Many folks have been wondering where the DirectX SDK (the developers package for writing DX applications) update has been. Microsoft had been churning them out like clockwork but – pfffft- nothing for over a year. With the advent of hardware accelerated UI elements (DWM – the Desktop Window Manager) and the optimized software rasterizer (Microsoft’s WARP), it’s pretty obvious that MS has realized that utilizing hardware acceleration (even if it’s a software fallback) of the entire desktop is imperative.

This was posted under “Where is the DirectX SDK?” on the MSDN web site, along with the following quote;

Starting with Windows 8 Consumer Preview, the DirectX SDK is included as part of the Windows SDK.

We originally created the DirectX SDK as a high-performance platform for game development on top of Windows. As DirectX technologies matured, they became relevant to a broader range of applications. Today, ubiquity of Direct3D hardware in computers drives even traditional desktop applications to use graphics hardware acceleration. In parallel, DirectX technologies are more integrated with Windows. DirectX is today a fundamental part of Windows.

Because the Windows SDK is the primary developer SDK for Windows, we now ship DirectX as part of the Windows SDK. You can now use the Windows SDK to build great games for Windows.
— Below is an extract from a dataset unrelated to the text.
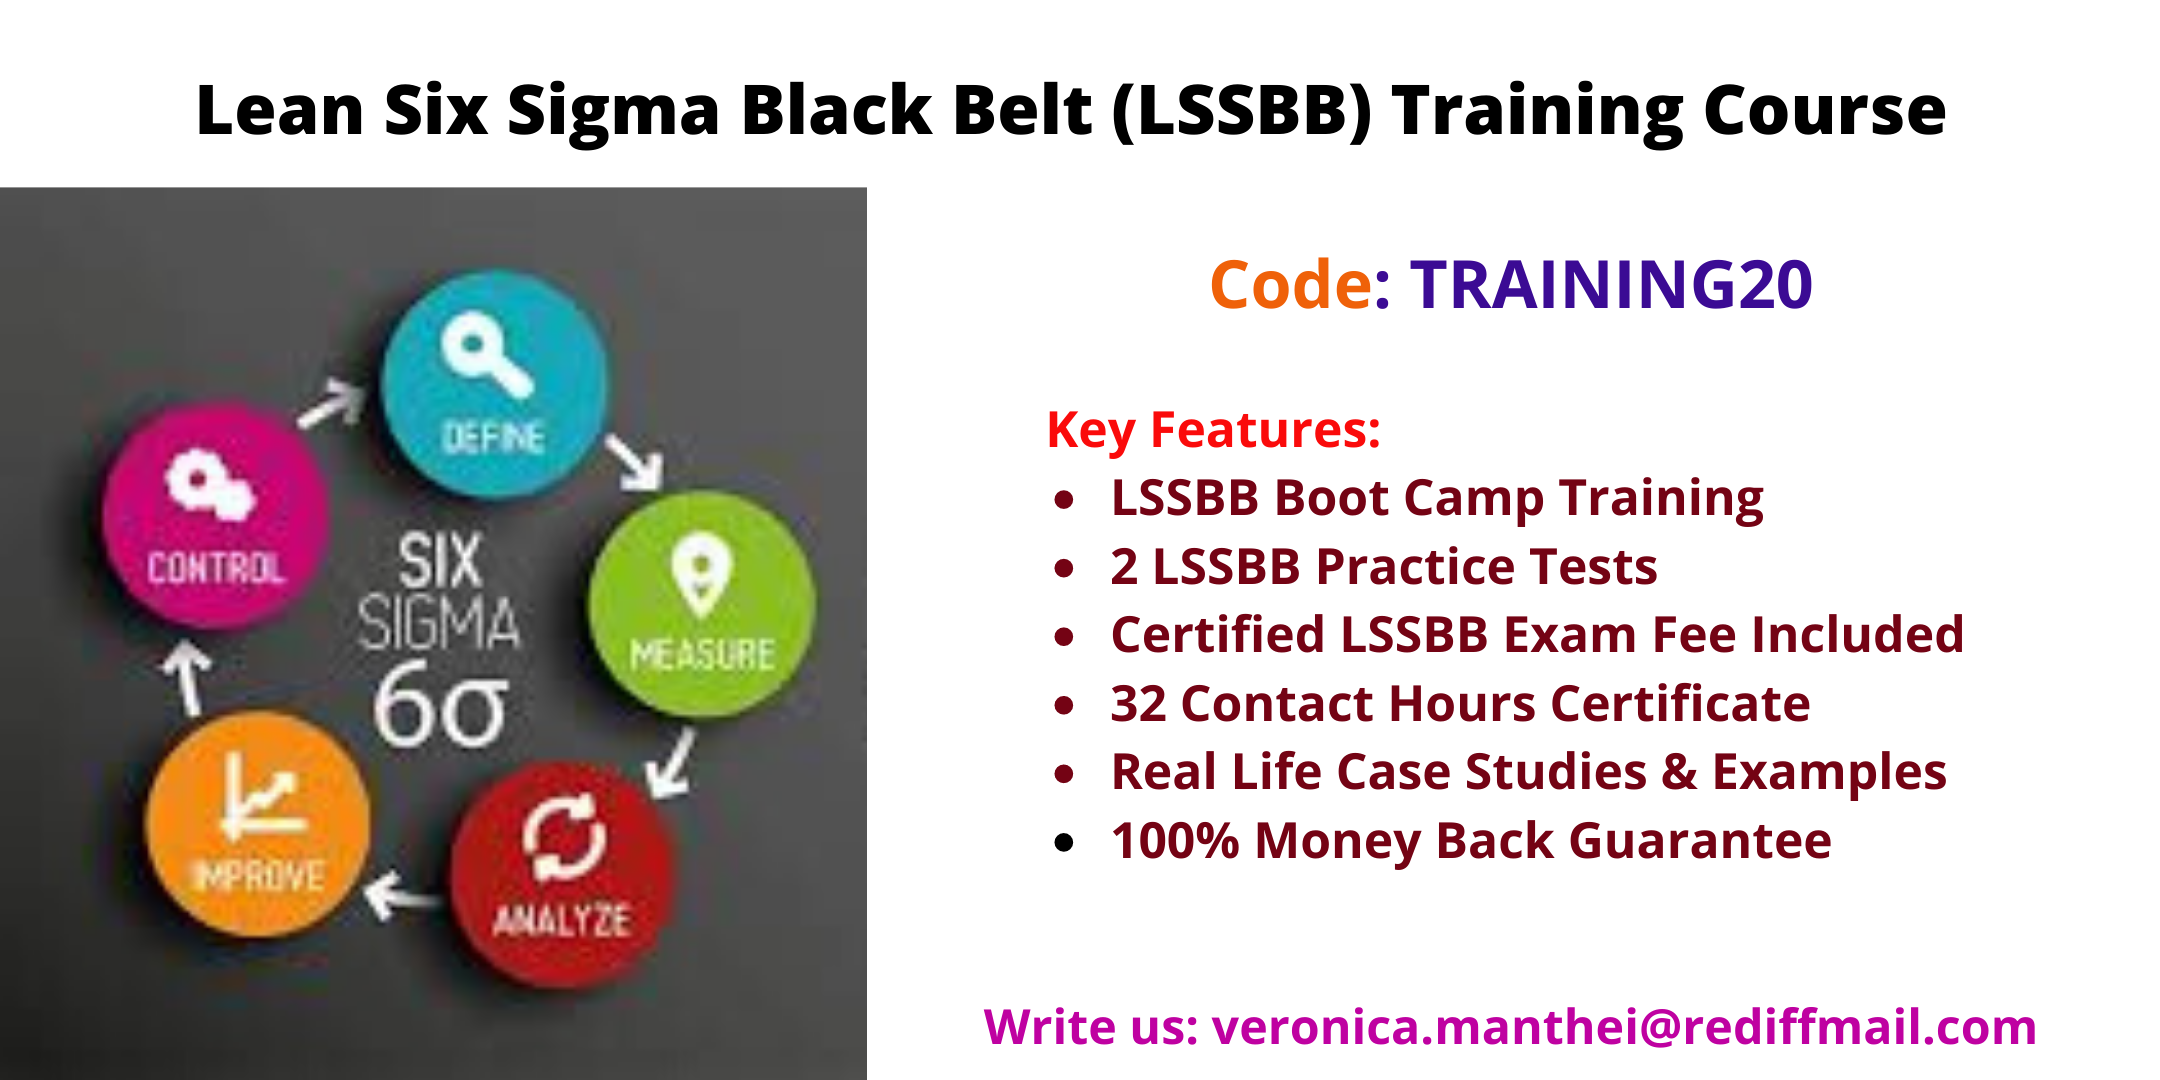 LSSBB Certification Course in Washington, DC

So starting with Win8 we’re not going to see a lot of innovation in the graphics API anymore, especially if if only get major updates with a new operation system. Of course there’ll be service packs, but it’s rare for a service pack to modify an API beyond minor tweaks. I suspect that with the folding in of DirectX into the operating system innovation will slow as the graphics system becomes a resource managed by the operating system, rather than just a host for a graphics program.